My biggest problem is spamd and heavy spam attacks. If there's heavy spam volume it also tends to use mysql (whitelist/bayes data in my config is in it) and takes the load up, iotokens down.
My solution has been to use the watchtokens.pl script I have created (see
http://www.kotalampi.com/scripts/watchtokens ). It checks your available tokens and system load and if they reach critical levels (read the script), it runs the script /etc/rc.d/stop.sh and when things are back to normal, it runs /etc/rc.d/start.sh. It also creates stats to /var/adm/watchtokens.$DATE file (that rotates daily) and you can tail -f it to see what is going on.

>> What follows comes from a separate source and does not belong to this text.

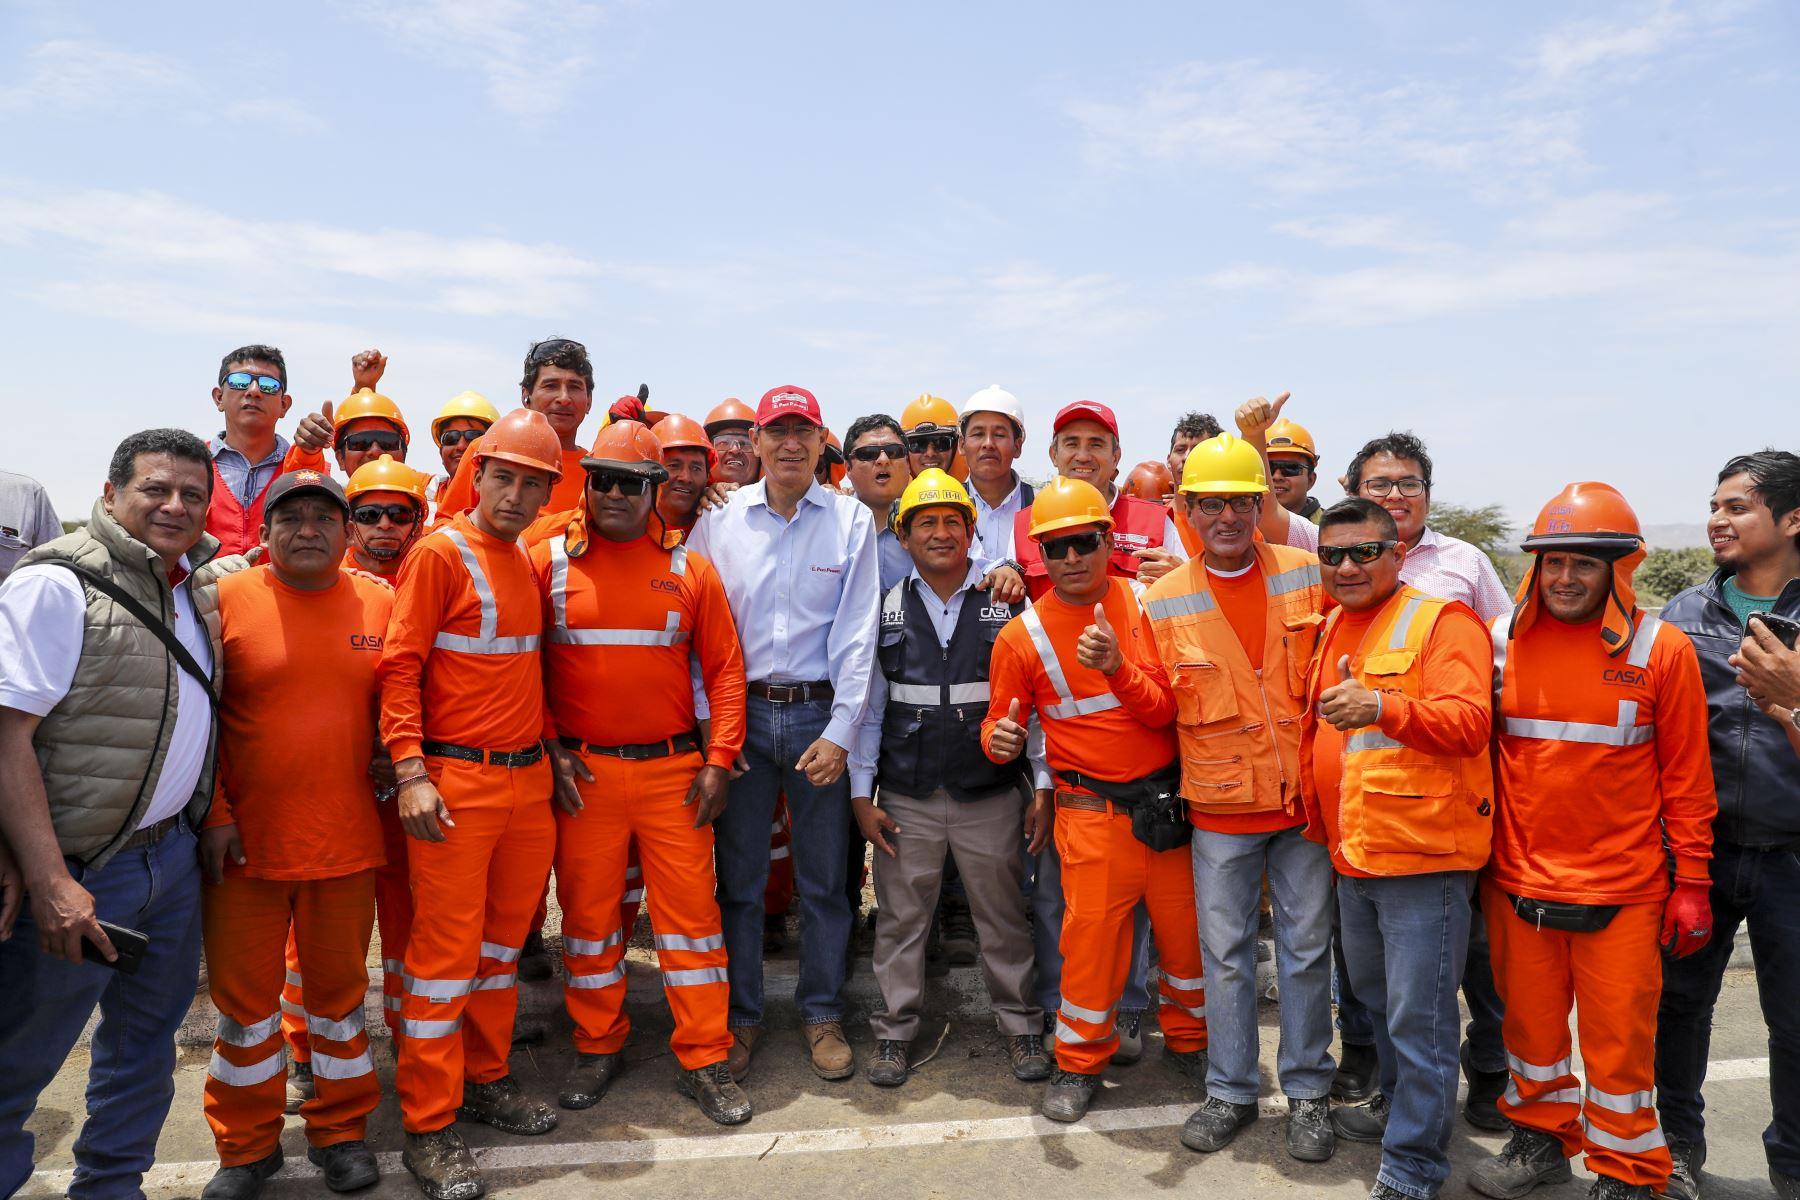 Jefe de Estado, Martín Vizcarra, supervisa obras de rehabilitación de los tramos Dv. Bayóvar – Sechura, Dv Sechura – Terminal Bayóvar en Piura. Foto: ANDINA/Prensa Presidencia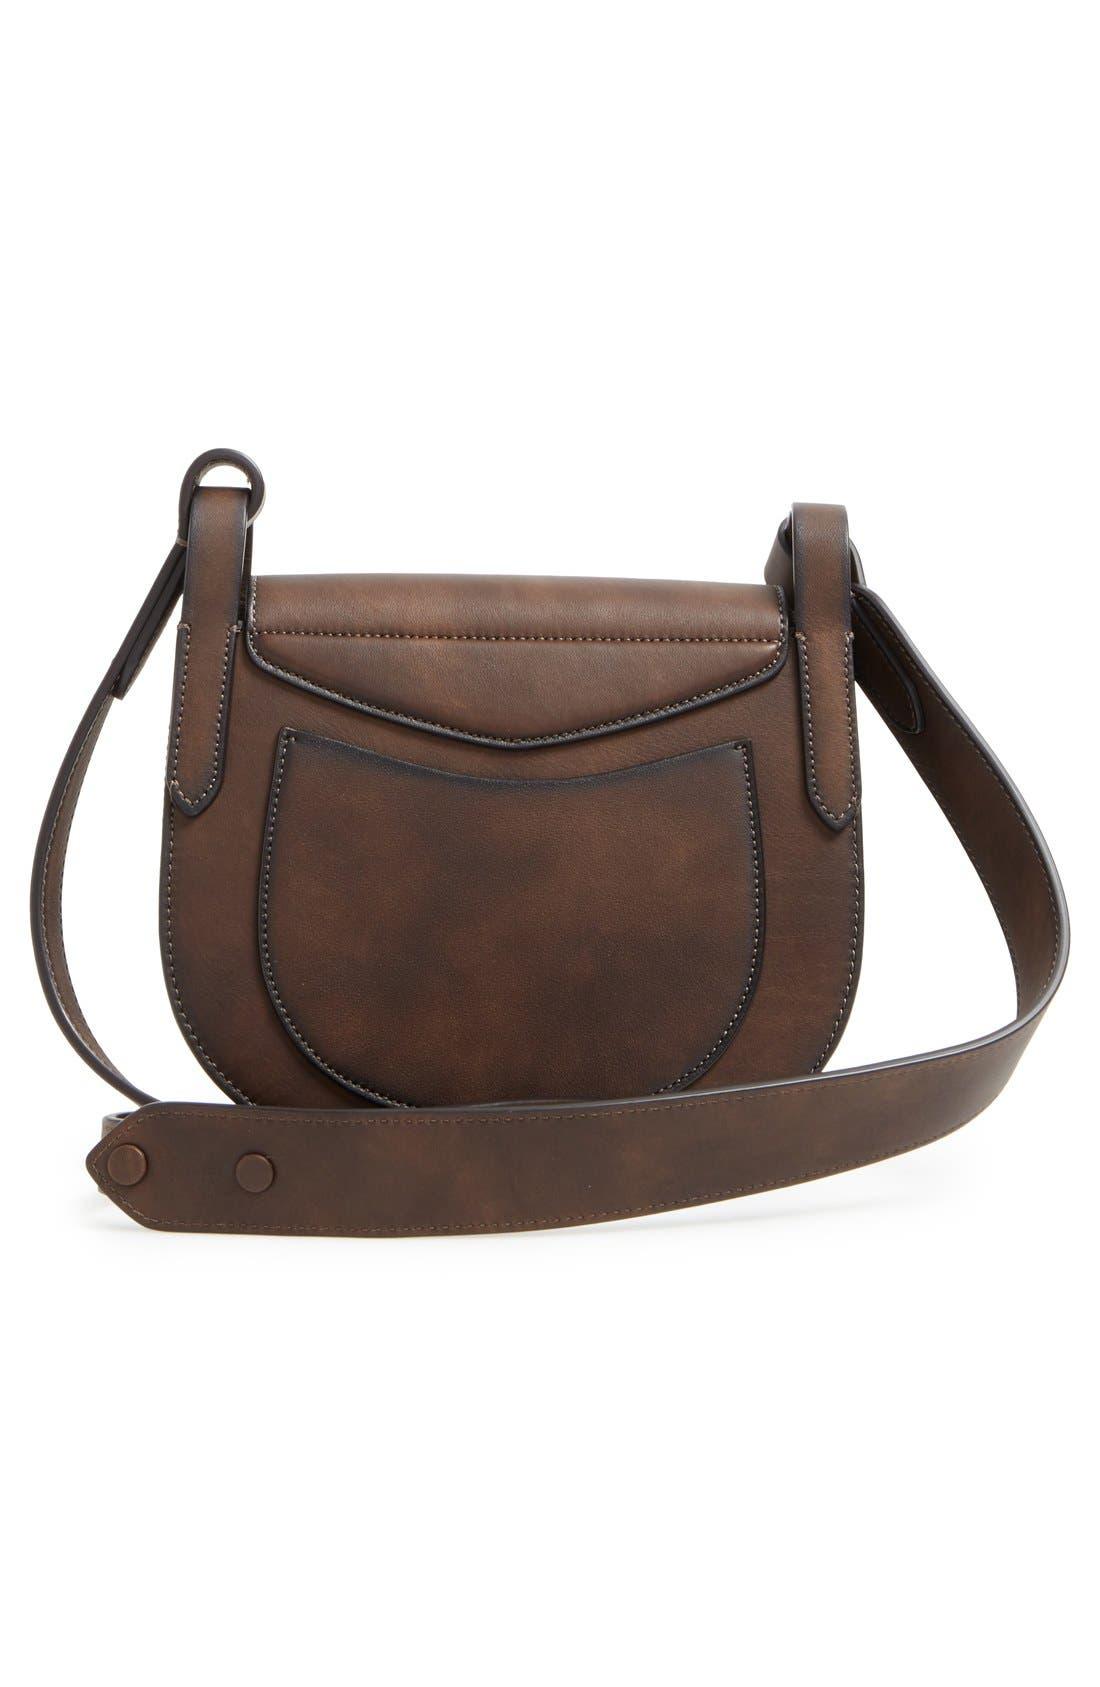 Alternate Image 3  - Michael Kors 'Daria' Leather Saddle Bag

In my stop.sh I block port 25 and all new connection requests. In start.sh I allow requests again. I have secondary MX so this has worked really well for me. This has proven out to be a good way to throttle the load and avoid iotokens to run totally out.
My stop.sh:
#!/bin/sh
/sbin/iptables -D INPUT -i eth0 -p tcp -m tcp --dport 25 -j ACCEPT
My start.sh:
#!/bin/sh
/sbin/iptables -A INPUT -i eth0 -p tcp -m tcp --dport 25 -j ACCEPT
The script can be started like this:
# /usr/local/bin/watchtokens.pl --sleep=15 --stop=yes &
Sleep option tells you how often you want to check iotokens, stop-option tells if you really want to run stop.sh/start.sh or just log the data.